La reazione del paziente è influenzata anche da fattori medico-clinici, come tipo e sede del tumore, sintomi, trattamento effettuato e risposta ad esso, decorso della malattia.
Un ruolo importante è giocato dai fattori interpersonali, nell'ambito familiare e nella relazione paziente-personale sanitario. Una famiglia in cui si parla chiaramente, i cui membri sono legati tra loro e aperti dal punto di vista dell'informazione, facilita l'adattamento rispetto ad una famiglia in cui le informazioni sono filtrate - "congiura del silenzio" - in cui non vengono verbalizzate le emozioni e i cui membri sono troppo coinvolti o troppo distaccati.
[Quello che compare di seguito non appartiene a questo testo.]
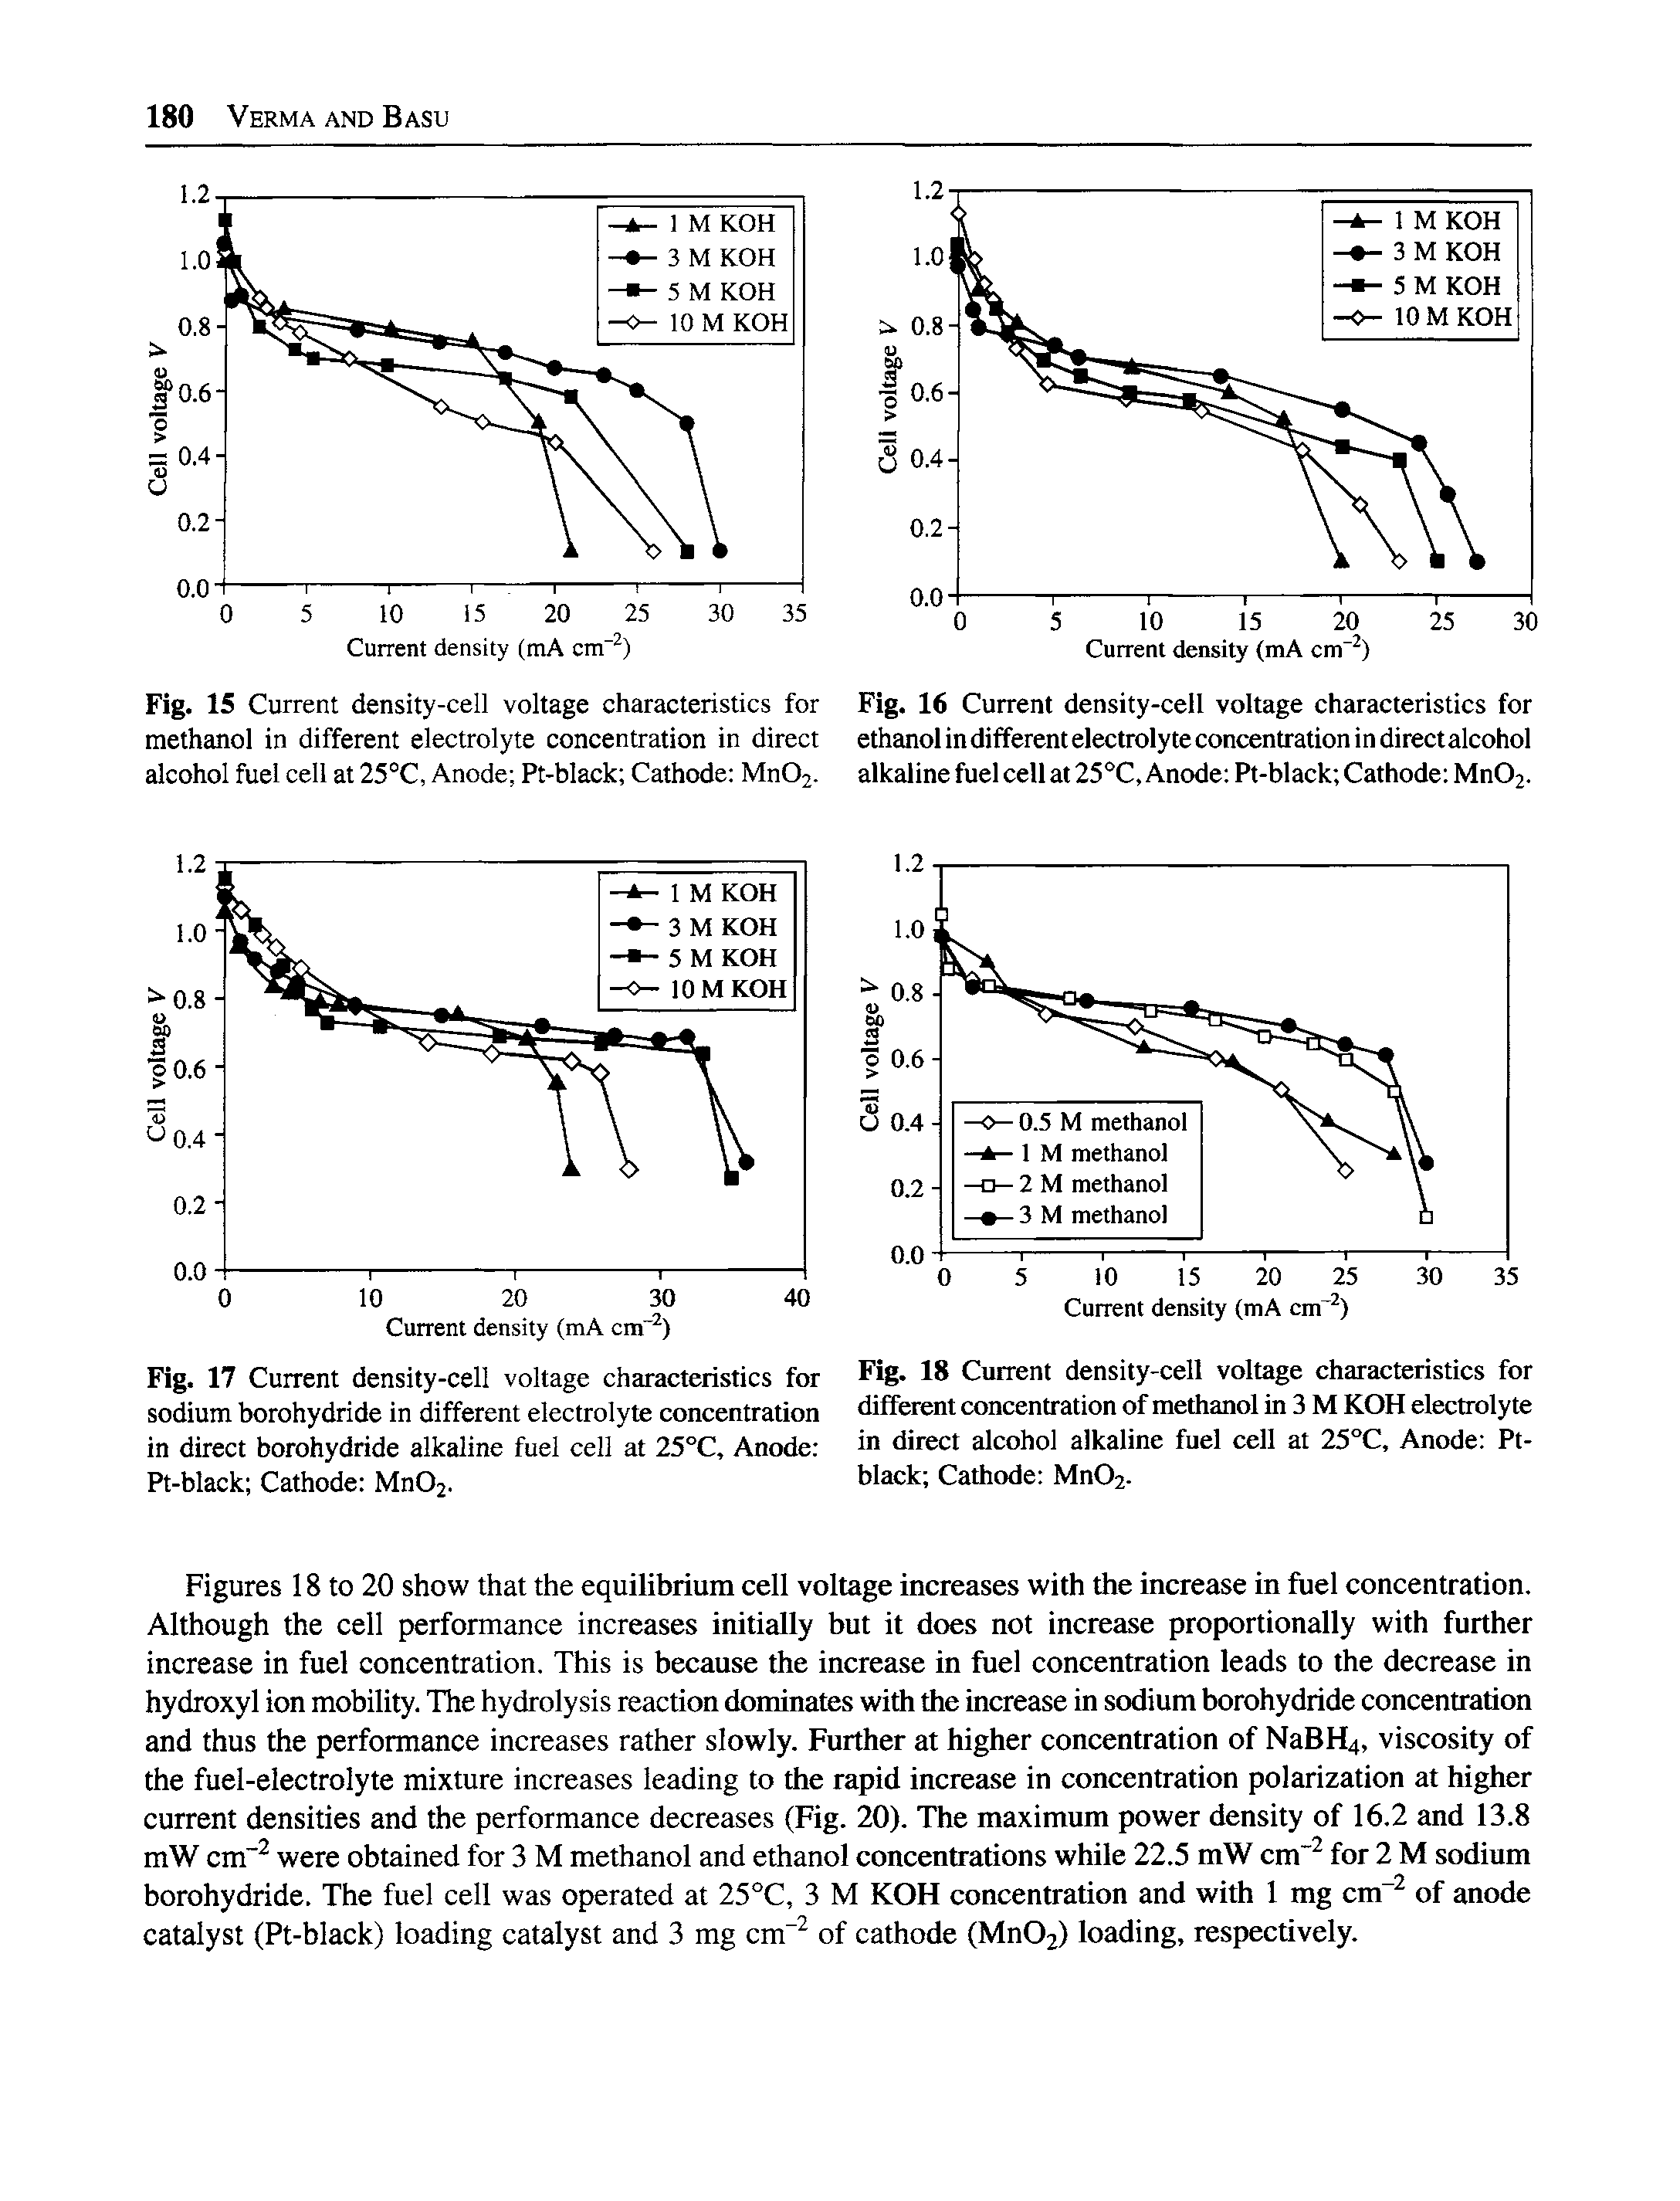 Figures 18 to 20 show that the equilibrium cell voltage increases with the increase in fuel concentration. Although the cell performance increases initially but it does not increase proportionally with further increase in fuel concentration. This is because the increase in fuel concentration leads to the decrease in hydroxyl ion mobility. The hydrolysis reaction dominates with the increase in sodium borohydride concentration and thus the performance increases rather slowly. Further at higher concentration of NaBH4, viscosity of the fuel-electrolyte mixture increases leading to the rapid increase in concentration polarization at higher current densities and the performance decreases (Fig. 20). The maximum power density of 16.2 and 13.8 mW cm" were obtained for 3 M methanol and ethanol concentrations while 22.5 mW cm" for 2 M sodium borohydride. The fuel cell was operated at 25°C, 3 M KOH concentration and with 1 mg cm " of anode catalyst (Pt-black) loading catalyst and 3 mg cm" of cathode (Mn02) loading, respectively.

Per l'aspetto relativo alla comunicazione in ambiente sanitario, i professionisti della salute non tengono nella dovuta considerazione il fatto che un buon adattamento del paziente presuppone una partecipazione empatica e un'informazione chiara, corretta e comprensibile.
Il disagio o distress esprime la risposta psicologica alla diagnosi e ai trattamenti. E' una situazione spiacevole, di natura emozionale, relazionale e spirituale, che interferisce con la capacità soggettiva di affrontare l'esperienza della malattia. Può essere più o meno lieve o severa e va dal comune senso di vulnerabilità, tristezza e paura, a sintomi che risultano inabilitanti e che sono indicati come "disturbi dell'adattamento", "disturbi d'ansia" e "disturbi depressivi". lì range di prevalenza, riportato in letteratura relativamente ai disturbi specificati, è piuttosto ampio e dipende dagli strumenti utilizzati nella rilevazione e/o dai cut-off scelti.
Alcuni studi italiani (Grassi, 1987; Morasso, 1996), riportano percentuali complessive di disagio del 49% e del 67% rispettivamente: solo una minima parte (in letteratura il 10-12%) riceve un trattamento adeguato. Ciò significa che il disagio del paziente oncologico non è riconosciuto o è sottovalutato.
Una causa del mancato riconoscimento e della sottostima è il ritenere "normale" la reazione del paziente - "Chi non starebbe male o chi non si dispererebbe se avesse un cancro?" - aspetto che induce famiglia e operatori sanitari a pensare ad una risoluzione spontanea della stessa.
Altro elemento è il tempo della visita medica, che non è solo il tempo oggettivo - spesso carente a causa della mole di lavoro - ma anche il tempo soggettivo, ovvero, la "disponibilità interiore" a stare emotivamente con l'altro.
Un ulteriore ostacolo è la stigmatizzazione di tutto ciò che è "psico". Il paziente stesso è portato a pensare che il ricorso allo psicologo, o allo psichiatra, sia indice di incapacità personale nell'affrontare quello che sta accadendo: chiedere l'aiuto di un professionista equivarrebbe ad ammettere di essere una persona debole, oltre che malata.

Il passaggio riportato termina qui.